Sunday, March 20, 2016

Trader Joe's Memories


It's been a year since I was laid off from Trader Joe's. I sometimes miss working there, but not much. I still shop there, but when I go I see fewer and fewer of the people I worked with, as they move on to other employments. Looking back from a year, I now see that I would have had to leave anyway, since last March my mother fell and broke bones, which meant arranging extra care for her. And she would continue to deteriorate until her passing in October. I could not have spent the necessary time in Massachusetts and continued to work at Trader Joe's.

Over my years there I saved images of some of my best art and documented everything I did for the store. Among them was a selection of my best decorated price tags, called "templates." I loved making the miniature art, which left space for the writing just like a book cover. I tried to make a little picturesque scene with every one. Here are four of my favorites. "Kalamata Olives" celebrates Summer and the bounty of vegetables.

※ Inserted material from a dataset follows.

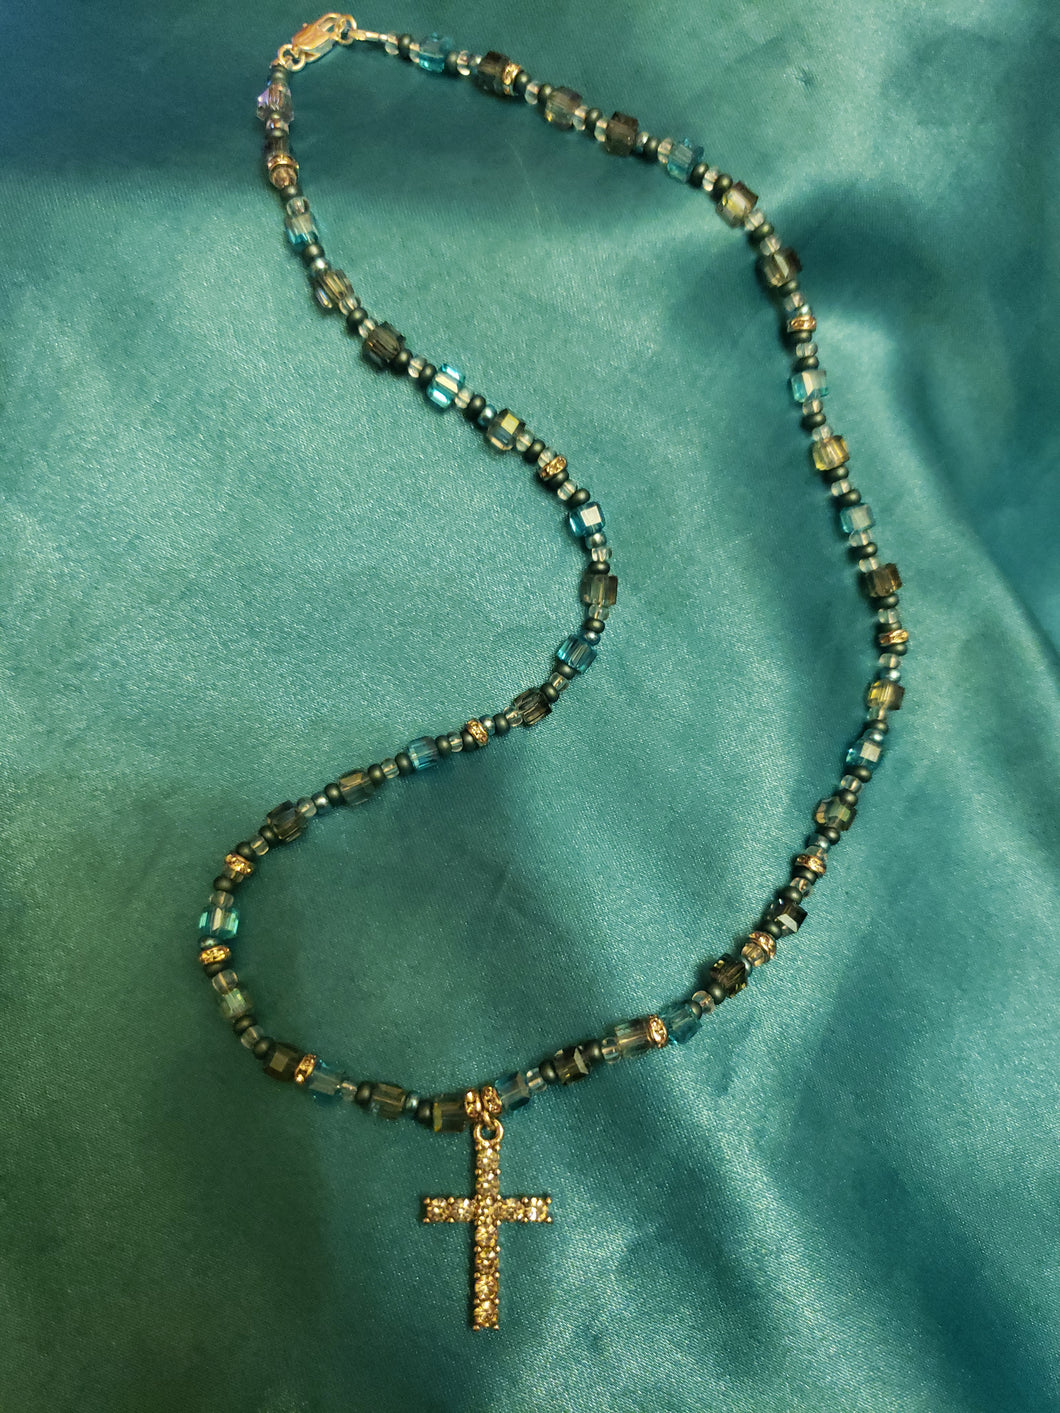 Blue glass bead necklace with crystal cross pendant.

I made a lovely pastoral scene with a barn for the Granny Smith Apples. I never get tired of idealized pastoral landscapes. This one is not my handwriting. Trader Joe's loves the "bouncy kiddie" type of writing but I never did.


My tag for the "Stromboli" Italian sausage and dough treat includes a Mediterranean vista with the volcano Stromboli puffing ash in the distance.


This tag was done on the computer, with CorelDraw. The store authorities didn't like my doing Victorian-style designs on the computer, they would rather use only hand-drawn tags. But I think my editions of Victoriana looked great. They are still using hand-drawn and written tags even now.

Each tag was either drawn as a blank "template" in markers or on my computer, then reproduced by color copier on cardstock. Then we wrote on the copies, laminated them, and added the price with Sharpie or Lumo pens, which could be erased when the price changed. The rectangular tags like these ran about 6 inches by 2 inches and were mounted in clear plastic holders. 

Over the years I must have made thousands of TJ price tags, most of them much simpler than these. I saved my decommissioned favorites in a couple of boxes, hoping perhaps that they would be used again, or saving them as examples of my best miniature art. But I have to move on. I selected the best of the best for saving, and the rest....well, they will sit in a landfill until some future archaeologist unearths them and wonders what an "organic Roma tomato" was.

1 comment:

Unknown said...

Wish that I had some happy memories from my previous employer. You have some very attractive shelf tags. It was a heck of a year!